Everything is blooming in May. Rose water has long been a flavor profile in Persian, Indian and Middle Eastern cuisines. It’s just water with rose petals soaked in it. Don’t run to the florist now: these are edible roses, as no chemicals such as pesticides have been used on them. If you grow your own and don’t use chemicals in your garden, we’ve included a DIY recipe (and if not, there are a few links to find it online at the end). Join us on a quick culinary tour of this flowery avenue.
Last year saw a popular no-bake dessert phenomenon: the icebox cake. It’s just a stripped-down version of tiramisu, and what better way to welcome spring than this simple yet decadent dessert.
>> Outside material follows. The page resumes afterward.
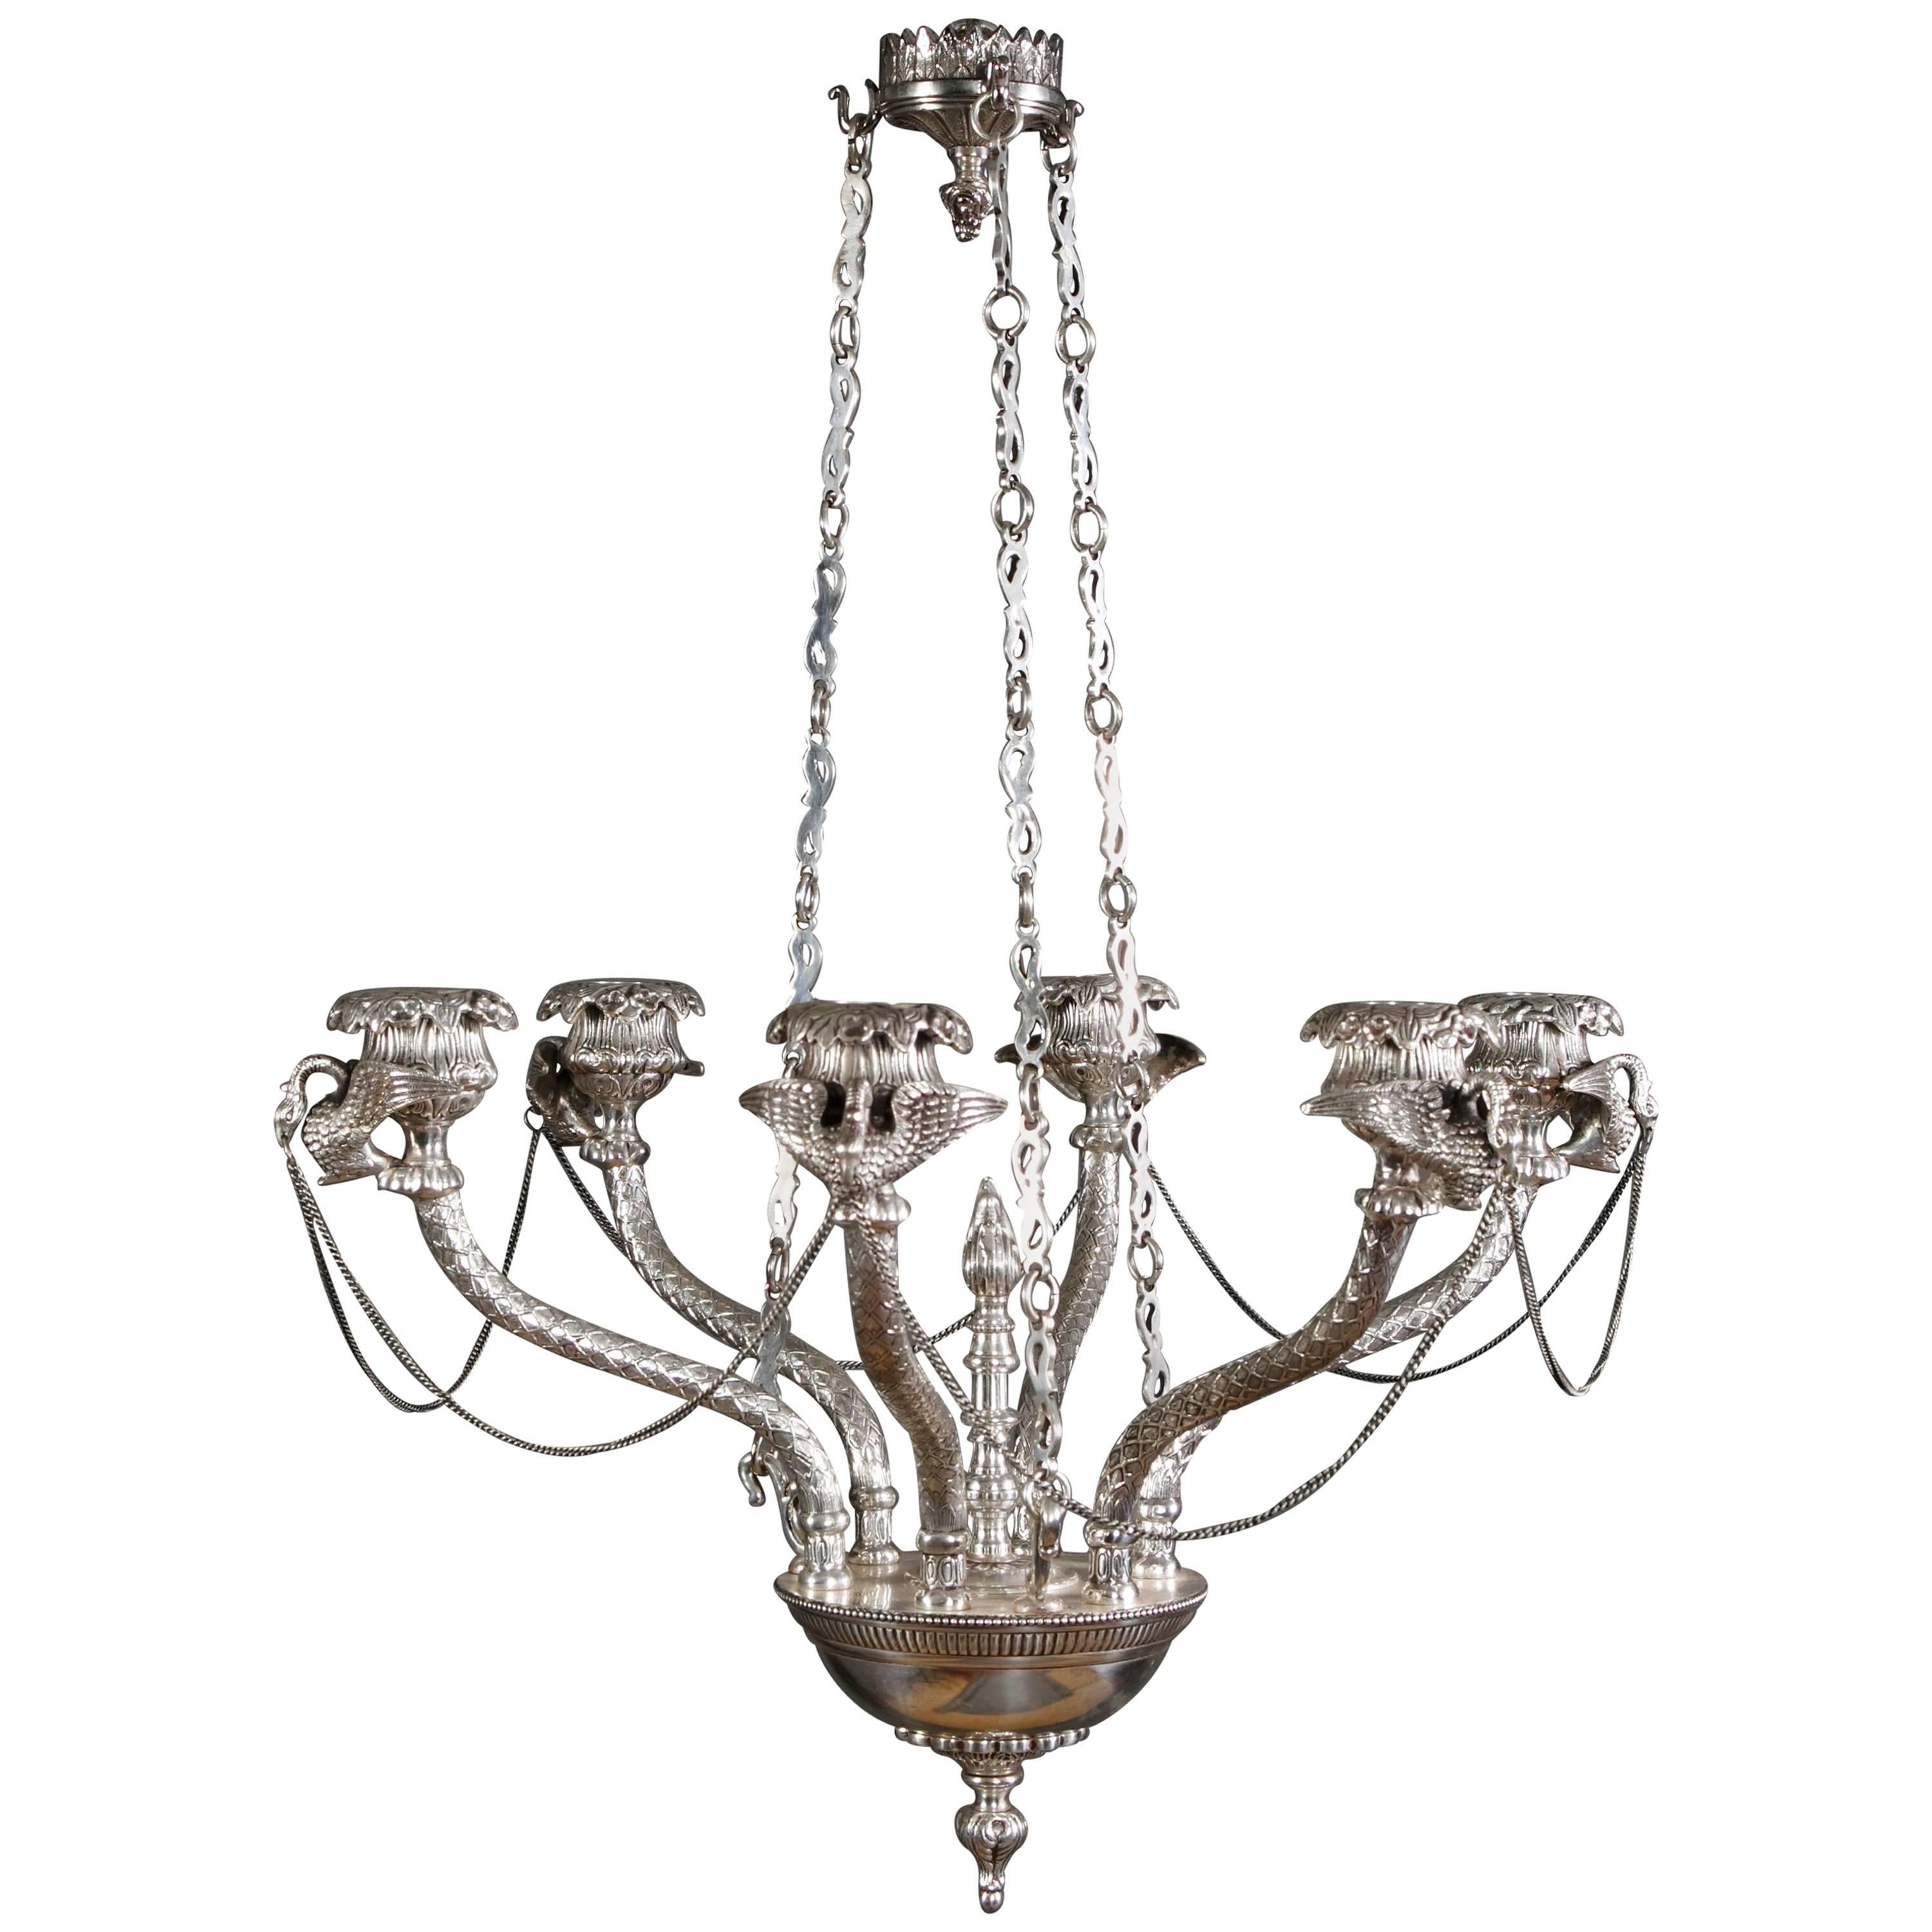 20th Century, Empire Style Silvered Ceiling Candelabra

ROSE WATER BERRY ICEBOX CAKE
2 sleeve Maria cookies (sometimes sold in the “international” aisle in a grocer)
For the cream layer:
1 liter heavy whipping cream
1½ cups powdered sugar
½ package of no-cook vanilla pudding mix
1 tablespoon rose water
½ teaspoon vanilla
For the berry layer:
2 cups sliced strawberries, plus more for garnish, if desired
2 cups raspberries, plus more for garnish, if desired
In a large chilled bowl, whip the cream until thick, add sugar and pudding mix and continue beating until semi-solid; the peaks on the whisk should be relatively straight as they are pulled out of the mixture. Add rose water and vanilla.
Place a layer of cookies in a 9-inch-by-13-inch baking pan, roasting pan or even a 10-inch springform pan, place a layer of cookies, breaking if necessary to fill in gaps. Spoon 1½ cups of the cream mixture and spread it evenly over the cookies. Divide ¼ of the berries over the cream and repeat three more times, finishing with a layer of cream. Decorate the top with additional berries if desired. Cover with plastic wrap and refrigerate for at least 24 hours. Cut and serve.
SIMPLE SYRUP PINK WATER COCKTAIL/MOCKTAIL
Servings: 4 drinks
1 cup rose water simple syrup
3 cups seltzer
4 lime wedges for garnish
4 cucumber slices for garnish
½ cup gin (Hendrick’s cucumber is quite tasty for this recipe), optional
In a small saucepan, combine 1 cup water, 1 cup sugar, and 3 tablespoons rose water. Bring to a boil over low heat, stirring constantly. Cool and use for the above recipe.
STEWED SPRING FRUIT COMPOTE
8 cups fresh fruit cut so that most pieces are of uniform size (use a mixture: I like a combination of plums, peaches, strawberries, grapes, etc.)
½ cup sugar
½ cup juice of your choice (apple works great) or water
1 tablespoon rose water
1 teaspoon vanilla
Preheat oven to 350°F. Combine fruit mixture in 10-cup baking dish. Bake for 35 minutes, or until the fruit is broken down and bubbly. Let cool and then add vanilla and rose water. Use it as a topping for ice cream, yogurt, as an addition to oatmeal, etc.
DIY ROSE WATER
Servings: 3 cups
3 cups of warm water
1 cup edible rose petals (fresh or dried)
Combine the ingredients in a small saucepan and simmer for 5 minutes. Cool and strain into glass jar and keep refrigerated.